Start of Block
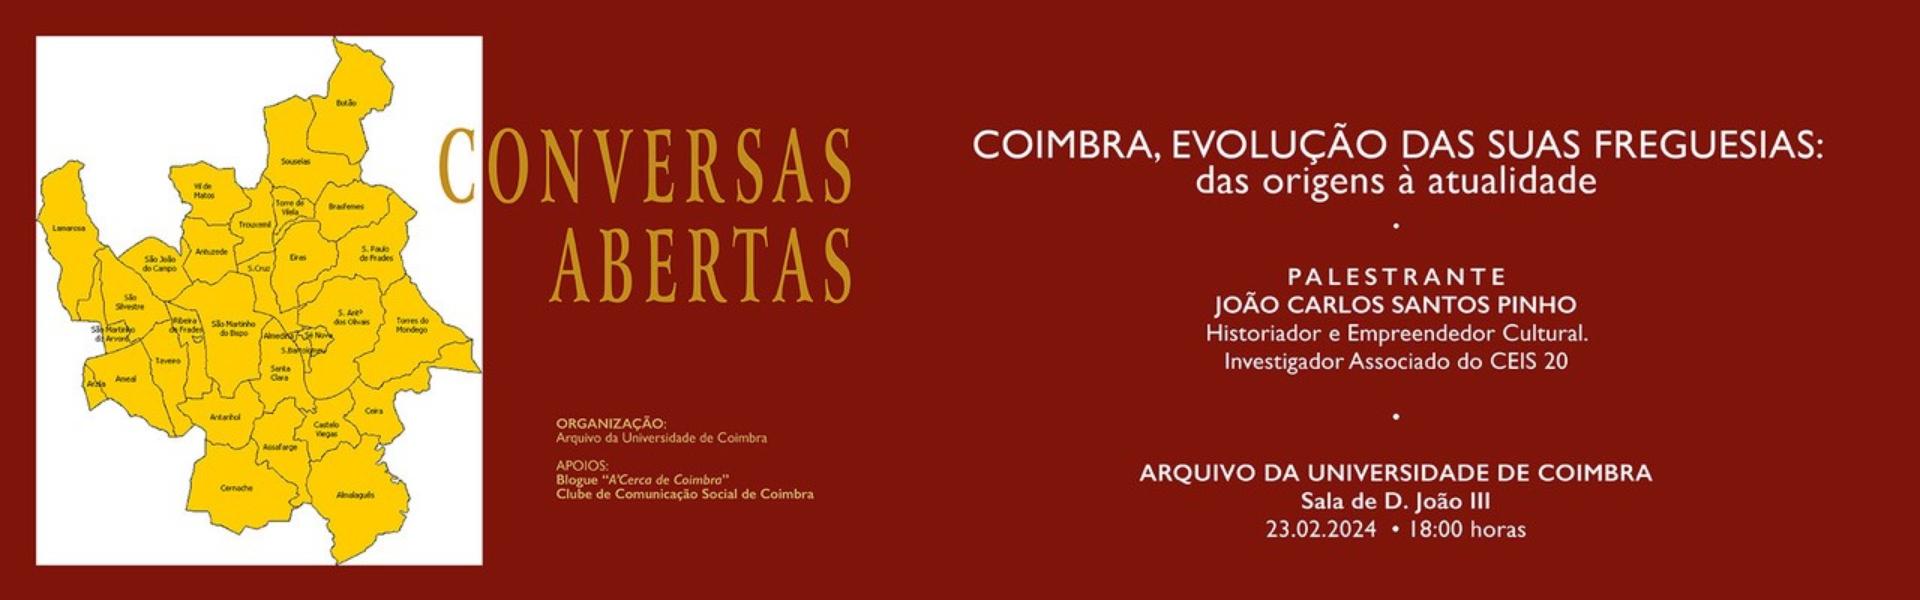 CONVERSAS ABERTAS  - COIMBRA, evolução das suas freguesias: das origens à atualidade
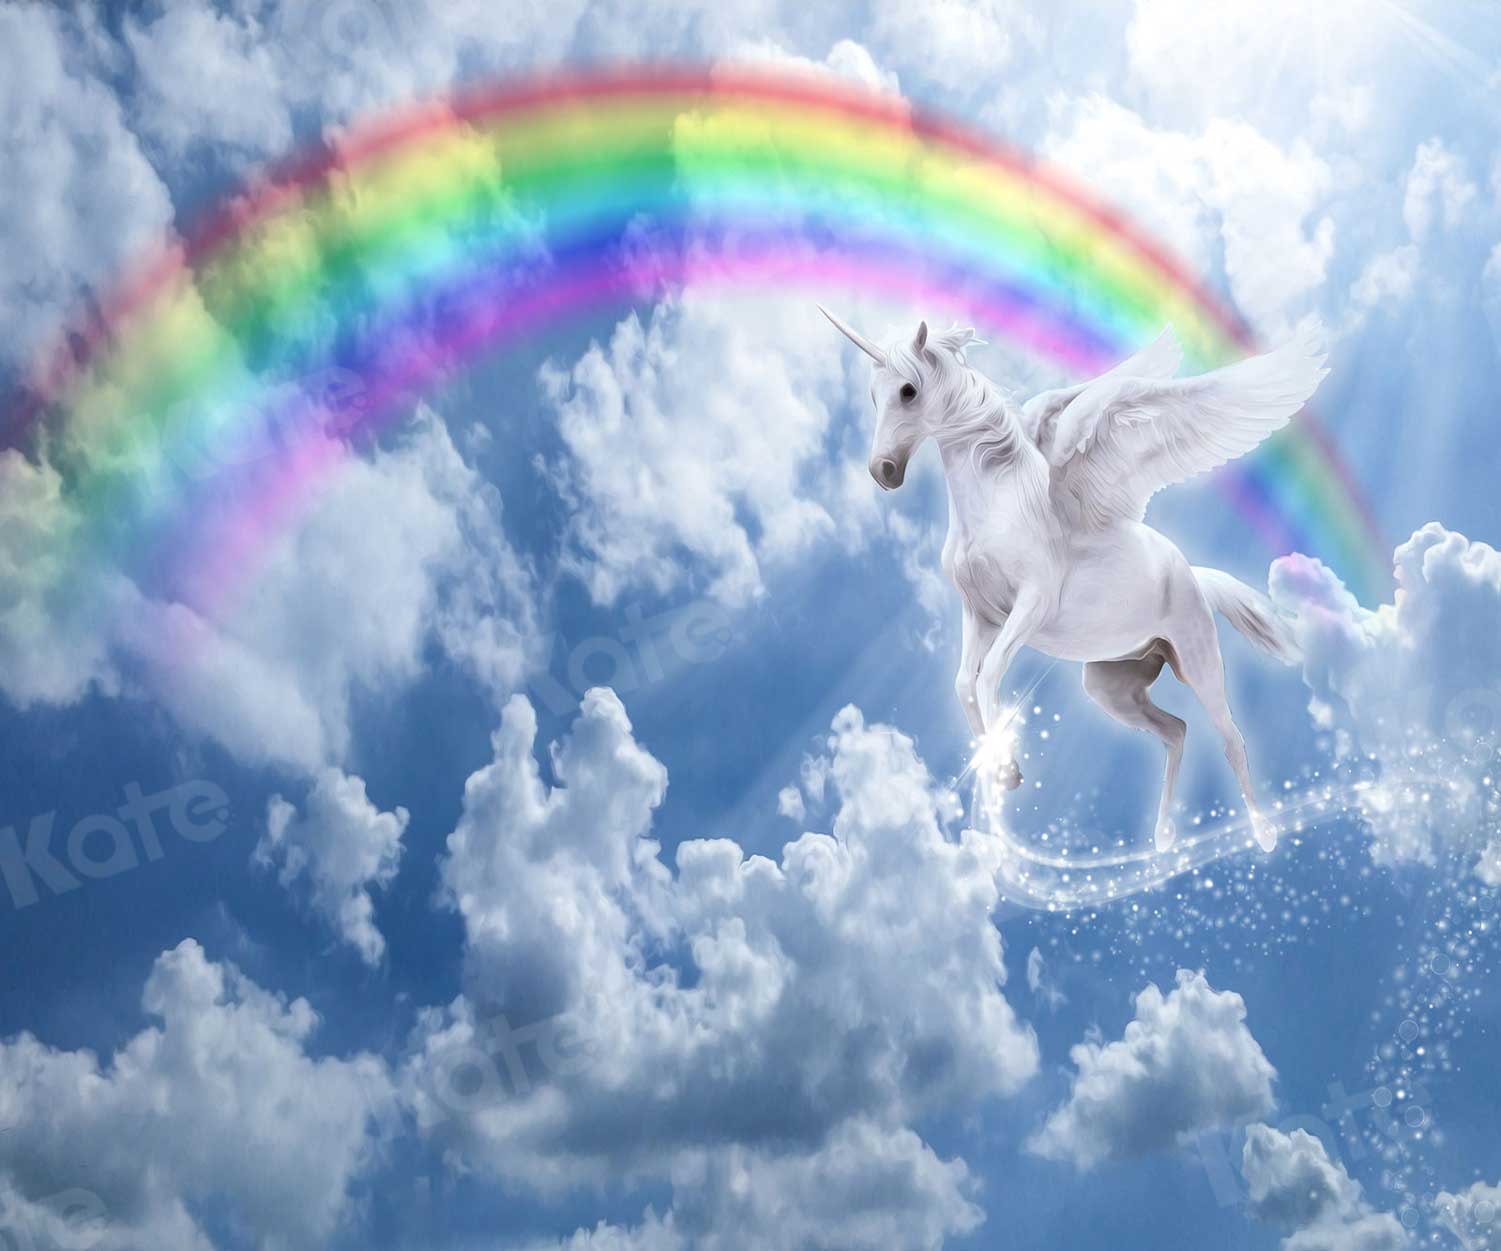 Kate cielo arcoíris unicornio Telón de fondo para fotografía
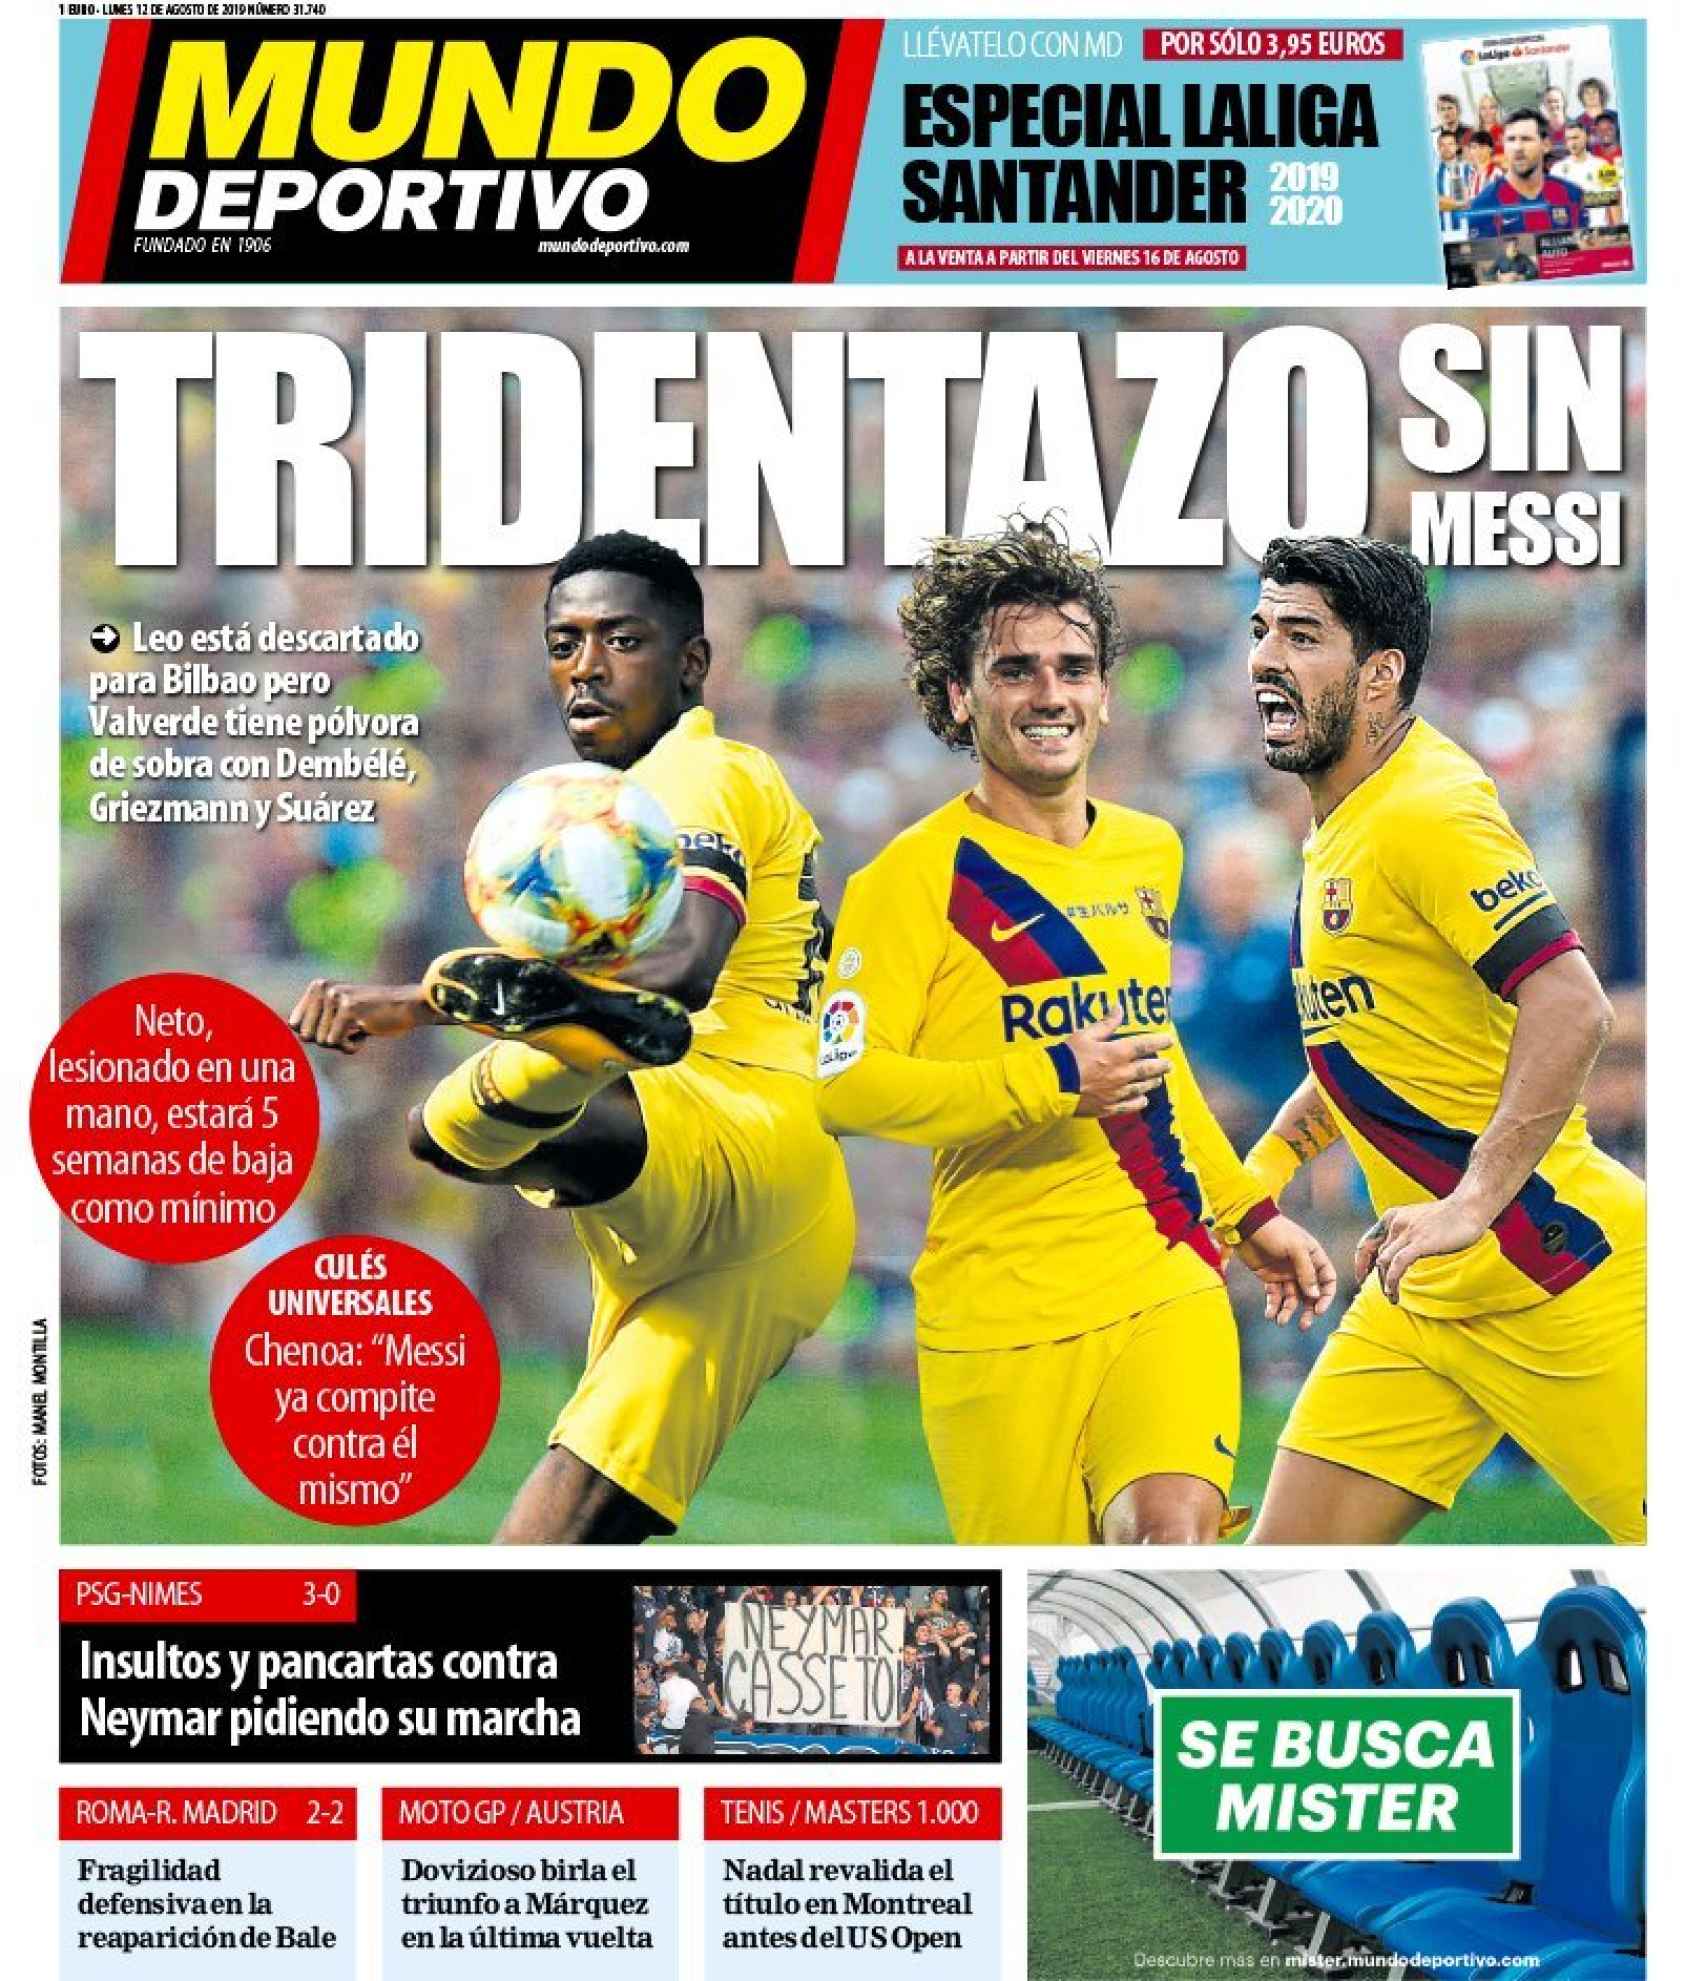 La portada del diario Mundo Deportivo (12/08/2019)
End of Block
▶ _TO DO_: Output the data exactly. Leave every picture out.

▶ _WRITTEN RESPONSE_:
 CONVERSAS ABERTAS  - COIMBRA, evolução das suas freguesias: das origens à atualidade
 Kate cielo arcoíris unicornio Telón de fondo para fotografía
 La portada del diario Mundo Deportivo (12/08/2019)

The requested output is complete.